Experience of the implementation and outcomes of universal testing for Lynch syndrome in the United Kingdom

Colorectal Dis. 2019 Jul;21(7):760-766. doi: 10.1111/codi.14597. Epub 2019 Mar 19.

Abstract

Aim: Colorectal cancer (CRC) is diagnosed in approximately 45 000 people annually in the UK, and it is estimated that Lynch syndrome (LS) accounts for 3.1% of these cases. In February 2017, National Institute for Health and Care Excellence (NICE guideline DG27 recommended universal testing of new cases of CRC for mismatch repair (MMR) status. The aim of this study was to implement universal testing for LS in CRC patients in a secondary care setting.

Method: We prospectively collected data on consecutive newly diagnosed CRC patients at our centre from November 2016 to August 2018, including evidence of MMR status determined by immunohistochemistry. We recorded clinicopathological data including age at diagnosis, stage, tumour site, reported histological findings and MMR tumour status. Statistical analysis was performed using the chi-square test and the two-tailed t-test for binary and continuous variables, respectively.

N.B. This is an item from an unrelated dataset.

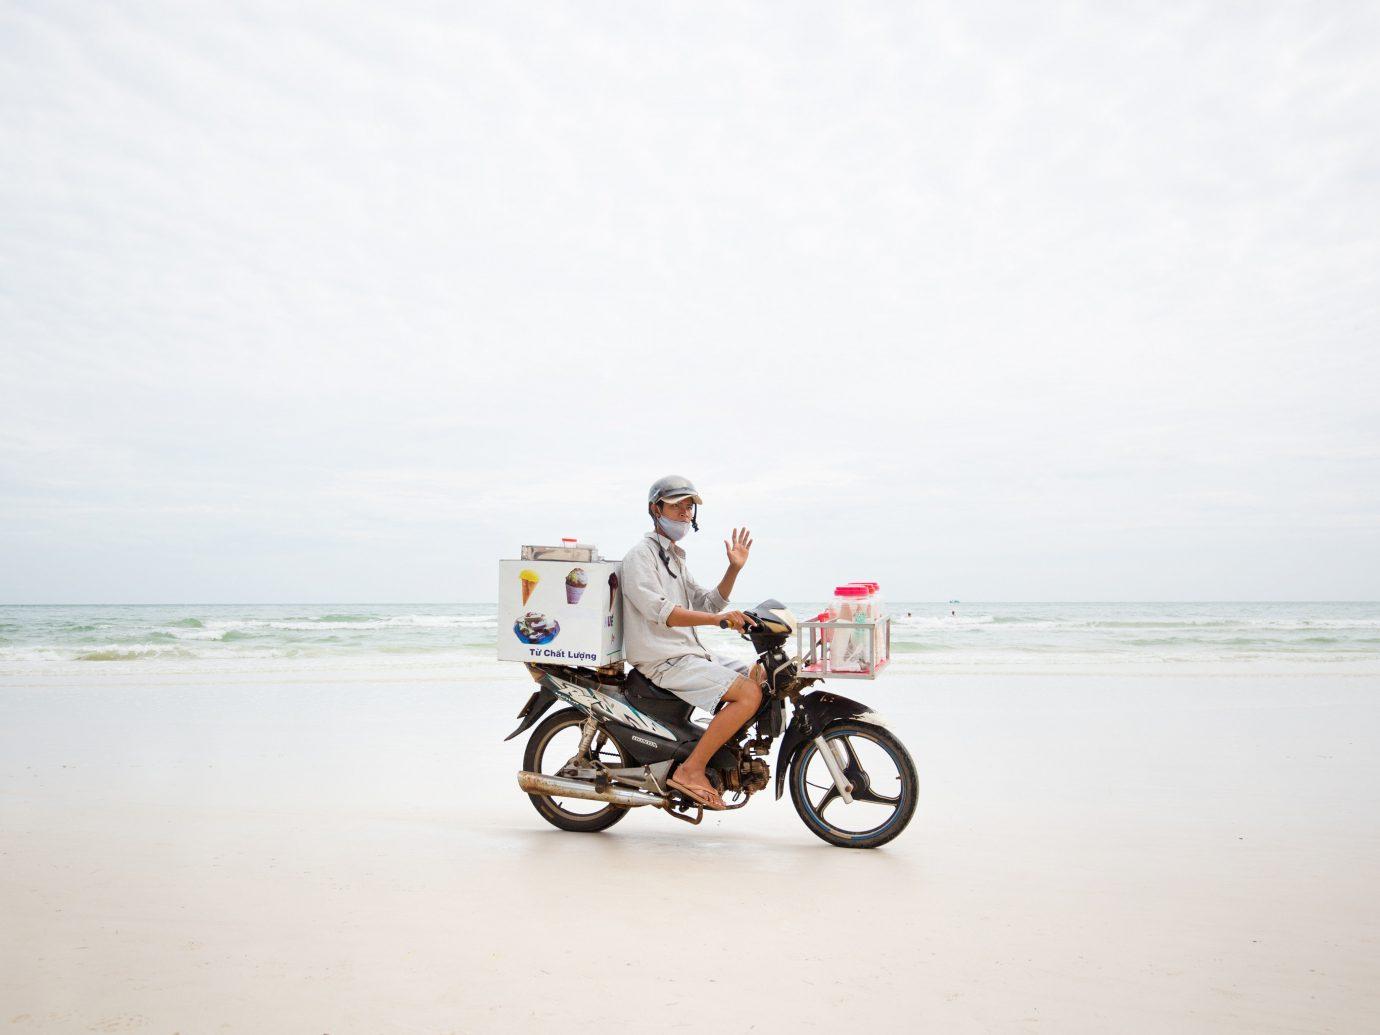 sky outdoor water Beach vehicle Sea Coast sand bicycle motorcycle shore sandy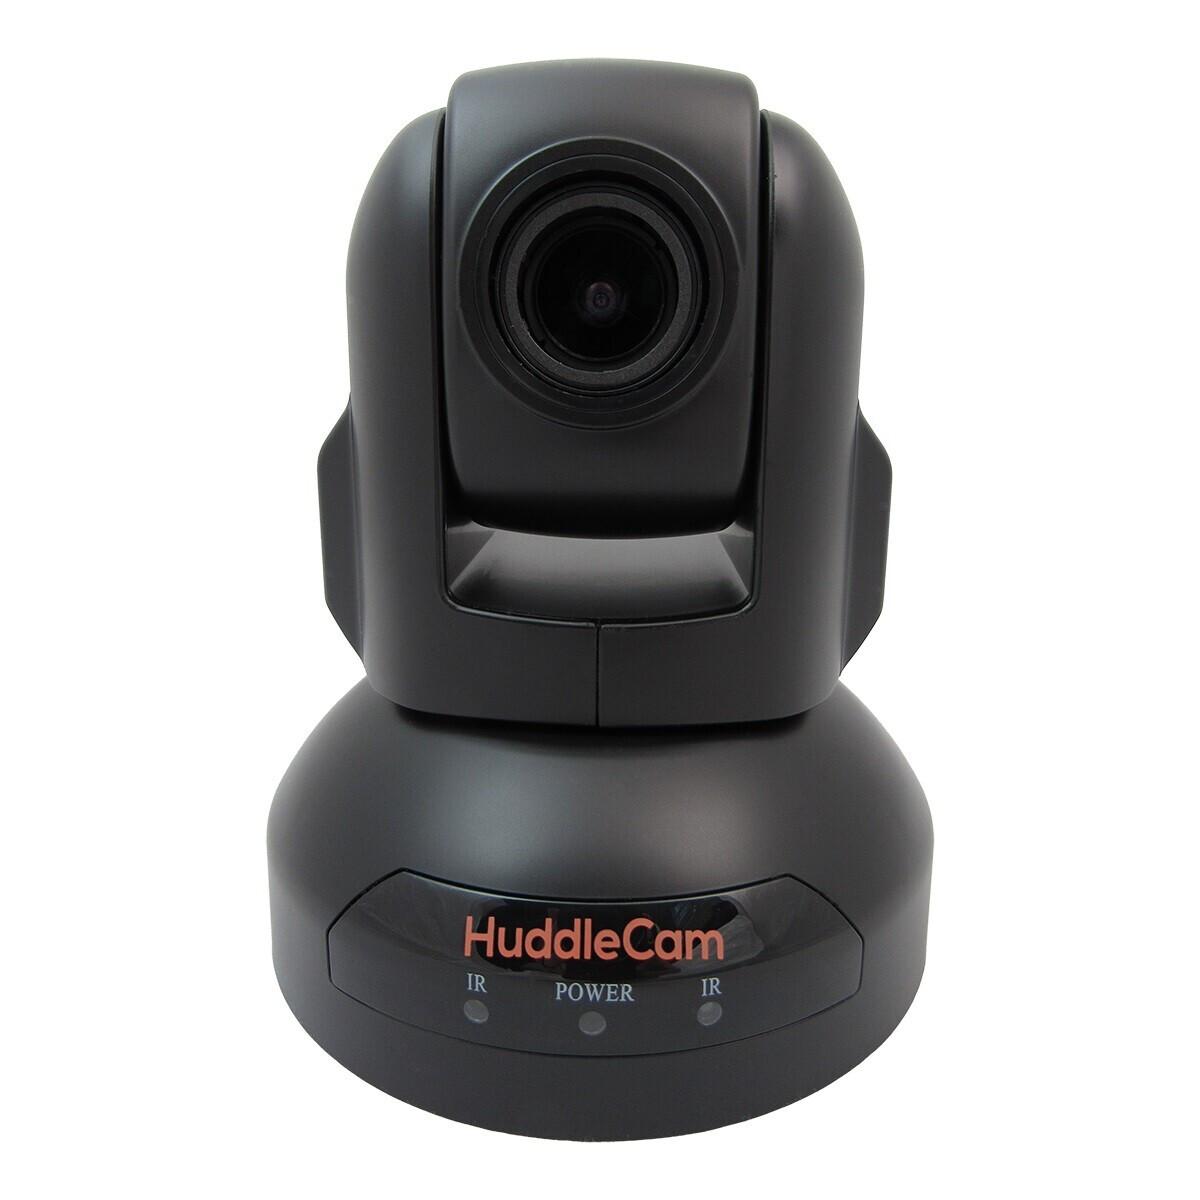 HuddleCamHD HC3X-BK-G2-C telecamera PTZ, colore nero

Results: A cohort of 203 consecutive patients were diagnosed with CRC during this period. Universal MMR testing was performed for the 198 CRC patients in whom a diagnosis of adenocarcinoma was confirmed, with colonoscopic biopsy used as the source material in 68.6% of cases. Twenty-three CRCs (11.6%) were MMR deficient (dMMR). Most dMMR CRCs (21/23) were early stage tumours (Dukes A or B, P = 0.002). In 39 Dukes B CRCs in patients under 70 years of age, the result of MMR testing influenced decision-making about personalized treatment with 5-fluorouracil based chemotherapy.

Conclusion: Our results demonstrate that universal testing of all new cases of CRC for features suggestive of LS is feasible and effective in the UK. Our data also indicate the importance of genetic testing and personalized oncological care.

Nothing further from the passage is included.